In the 2007–08 season, having moved up to the senior level, Bereswill won her regional championship and won the silver medal at her sectional championship to qualify for the United States Figure Skating Championships for the first time in her career. At the 2008 United States Figure Skating Championships, she placed 10th on the senior level. Following the national championships, she made her senior international debut at the AEGON Challenge Cup spring competition in The Hague, Netherlands and won the bronze medal.

In the 2008–09 season, she made her junior international debut. She won the silver medal at both her events on the 2008–09 ISU Junior Grand Prix circuit in Courcheval, France and Madrid, Spain. She qualified for the 2008–2009 ISU Junior Grand Prix Final in Seoul, Korea. At the Final, she won the gold medal overall by placing fourth in the short program and second in the free skate. She is the last American to win this title.  At the 2009 U.S. Championships, Bereswill placed 18th and was not placed on the U.S. team to the 2009 World Junior Championships.

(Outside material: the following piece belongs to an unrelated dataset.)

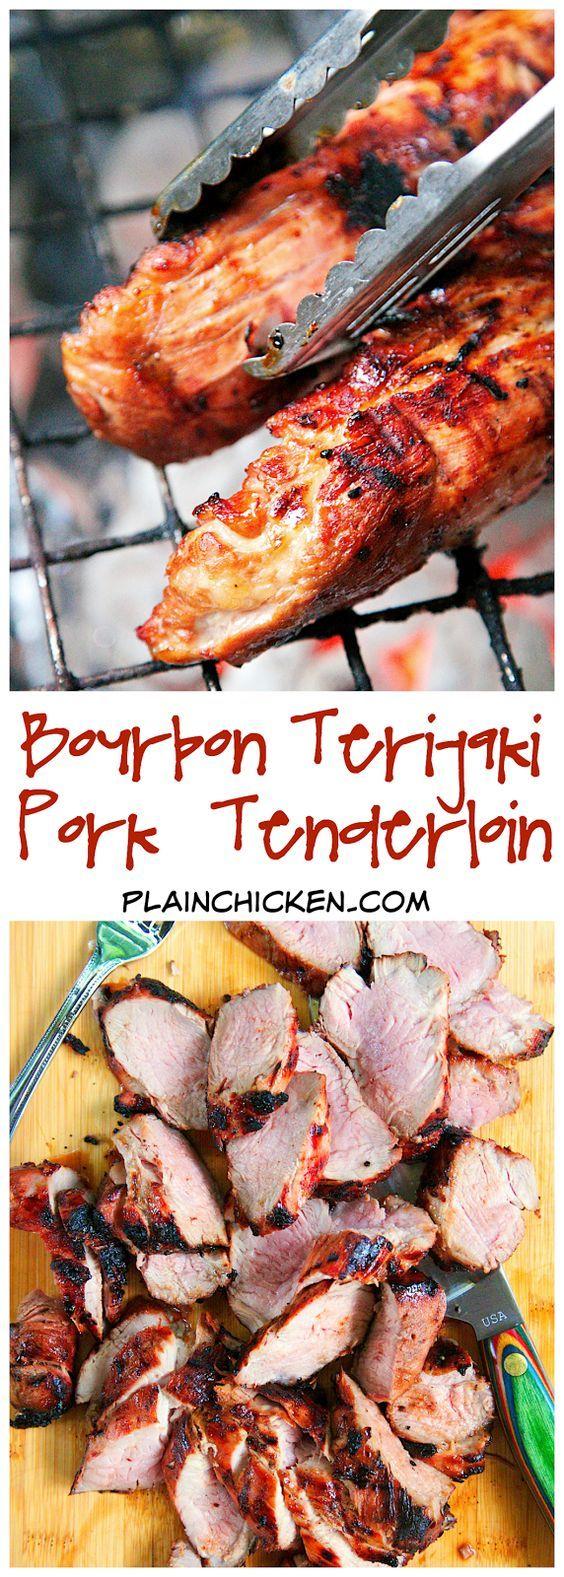 Bourbon Teriyaki Pork Tenderloin
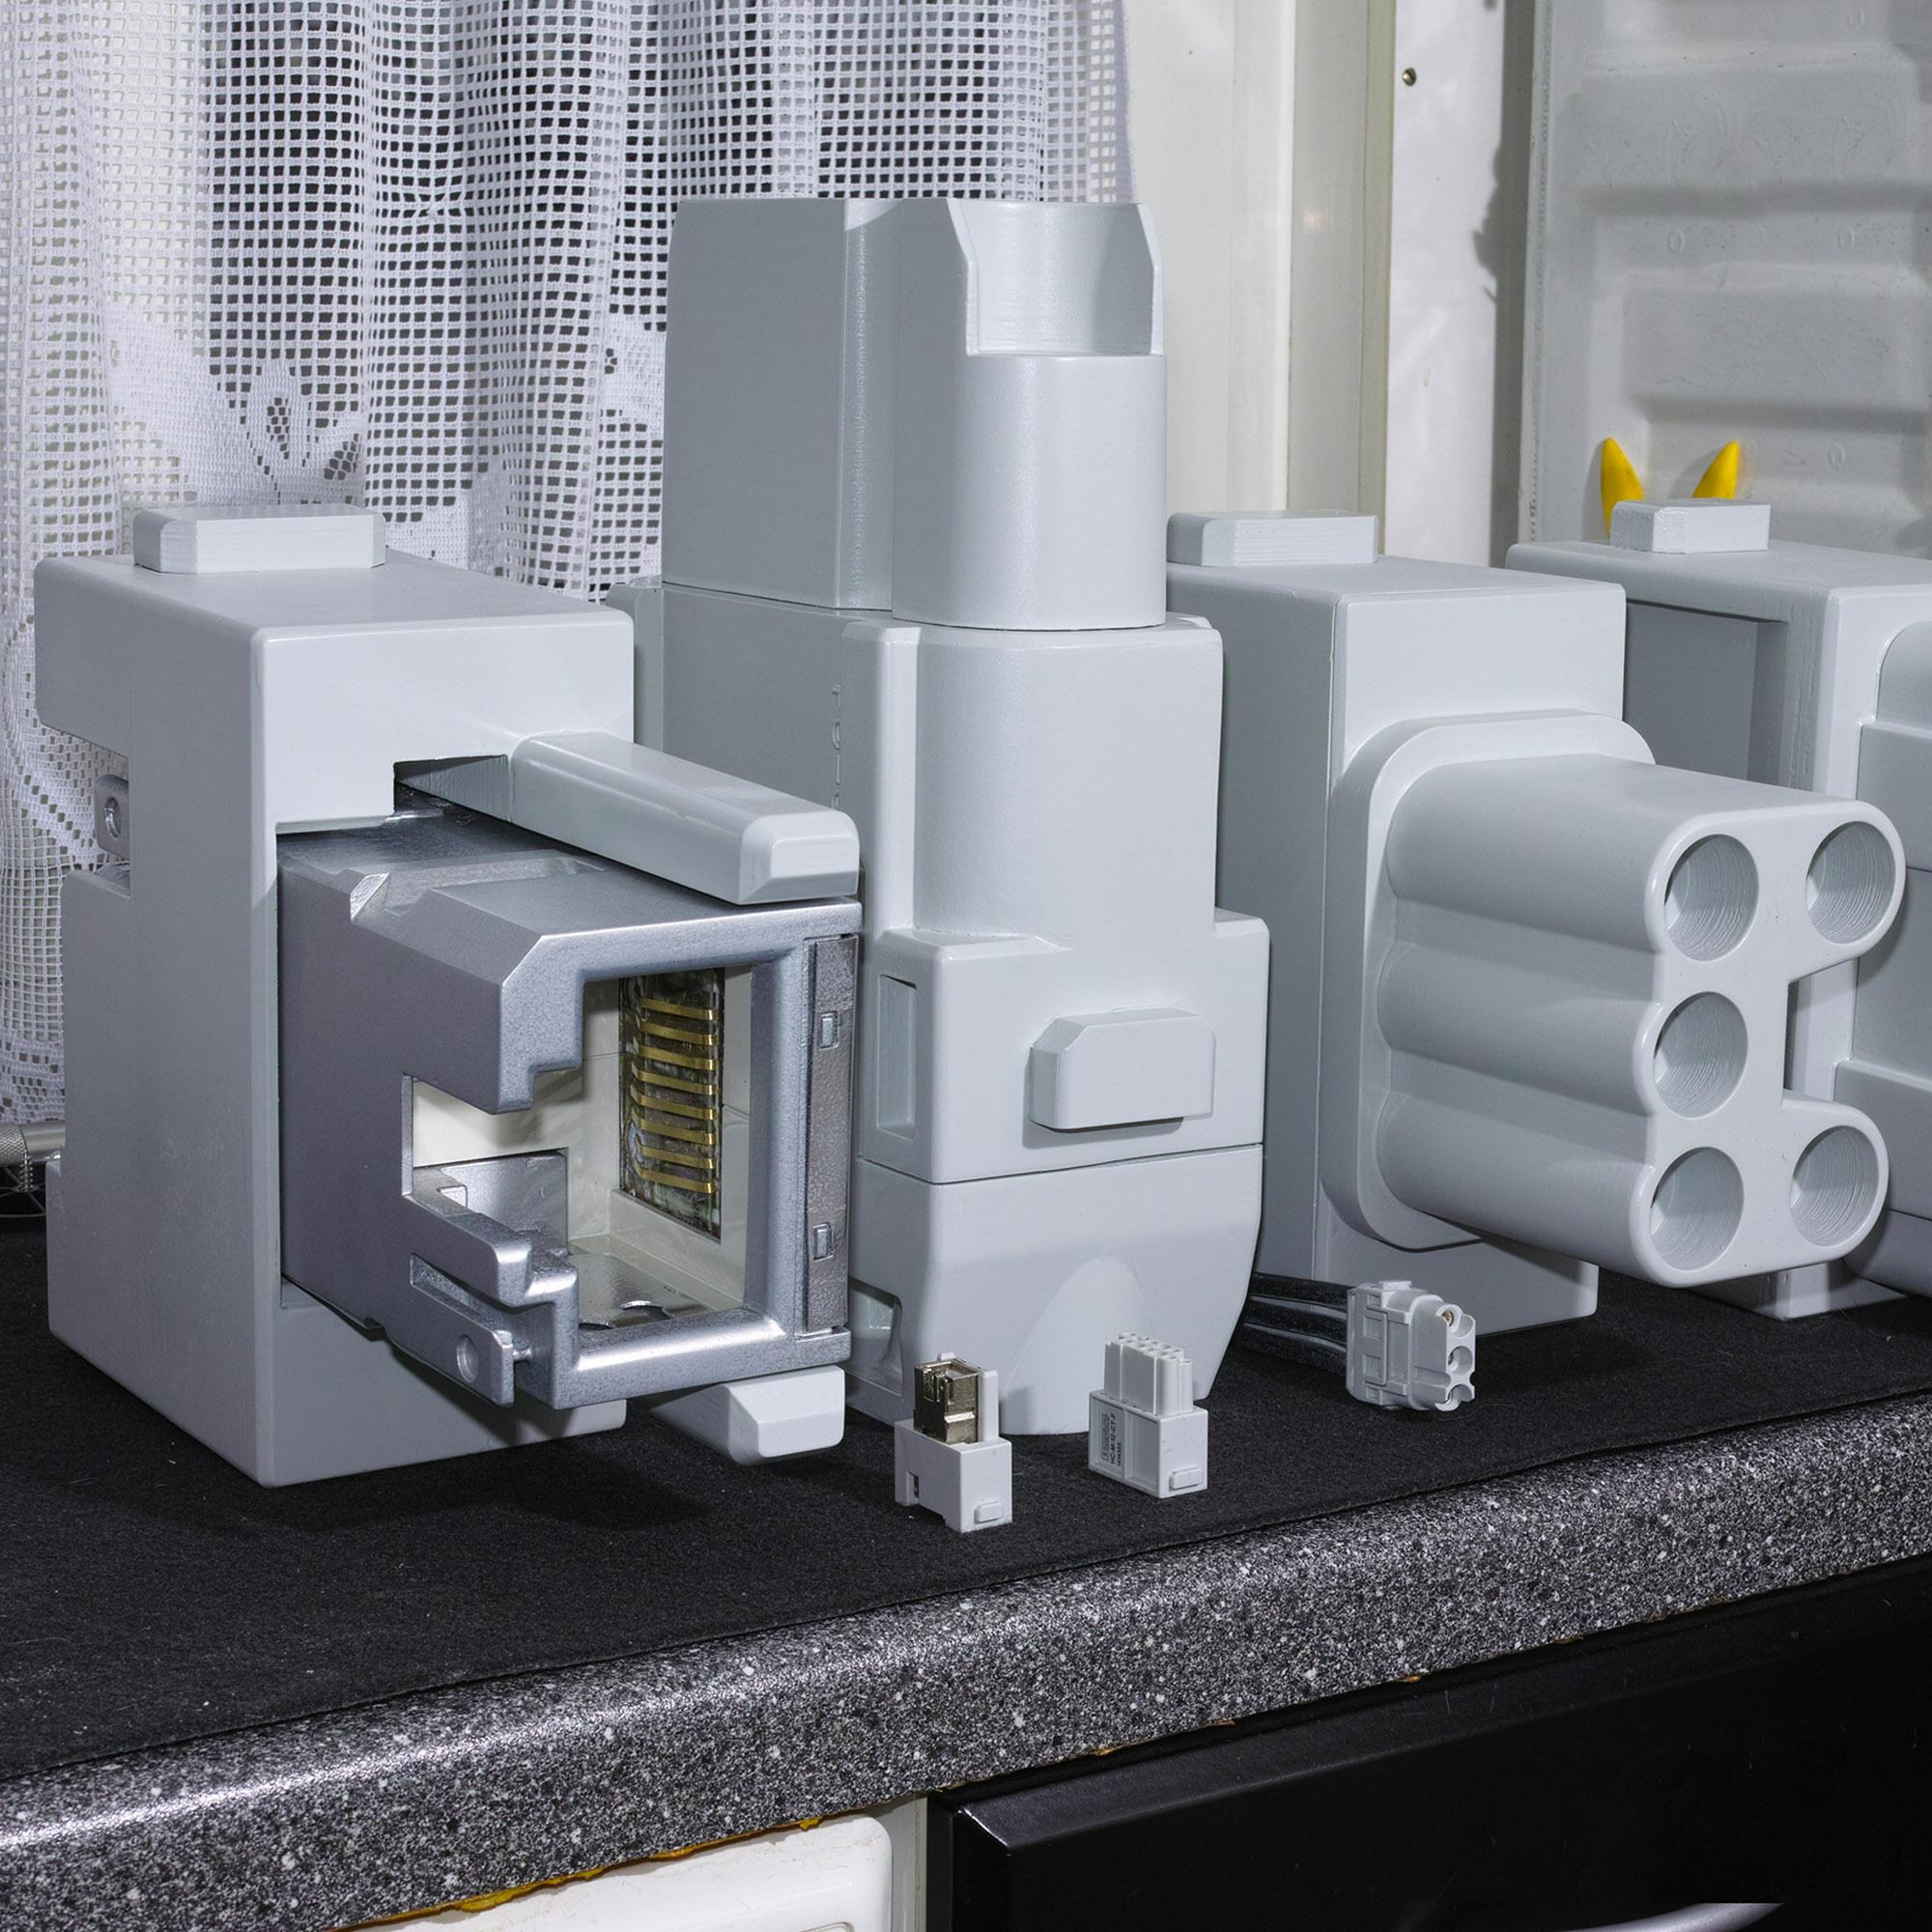 Steckermodelle vergrößert (Originale im Vordergrund)

During the 2009-10 season, she competed at the 2010 Finlandia Trophy and NHK Grand Prix in Nagano, Japan.

In May 2010, Bereswill began training in pair skating, teaming up with Trevor Young. They finished 10th at the 2011 U.S. Championships and parted ways in March 2011.

During the 2012-13 season, Bereswill won the Eastern Great Lakes Championship and won silver at the 2013 Midwestern Championships to qualify for the 2013 U.S. Championships in Omaha, Nebraska. In 2014, she was cast as Elsa in the Disney On Ice version of Frozen.

Track and field career
Bereswill competed in track and field for her high school, Episcopal High School.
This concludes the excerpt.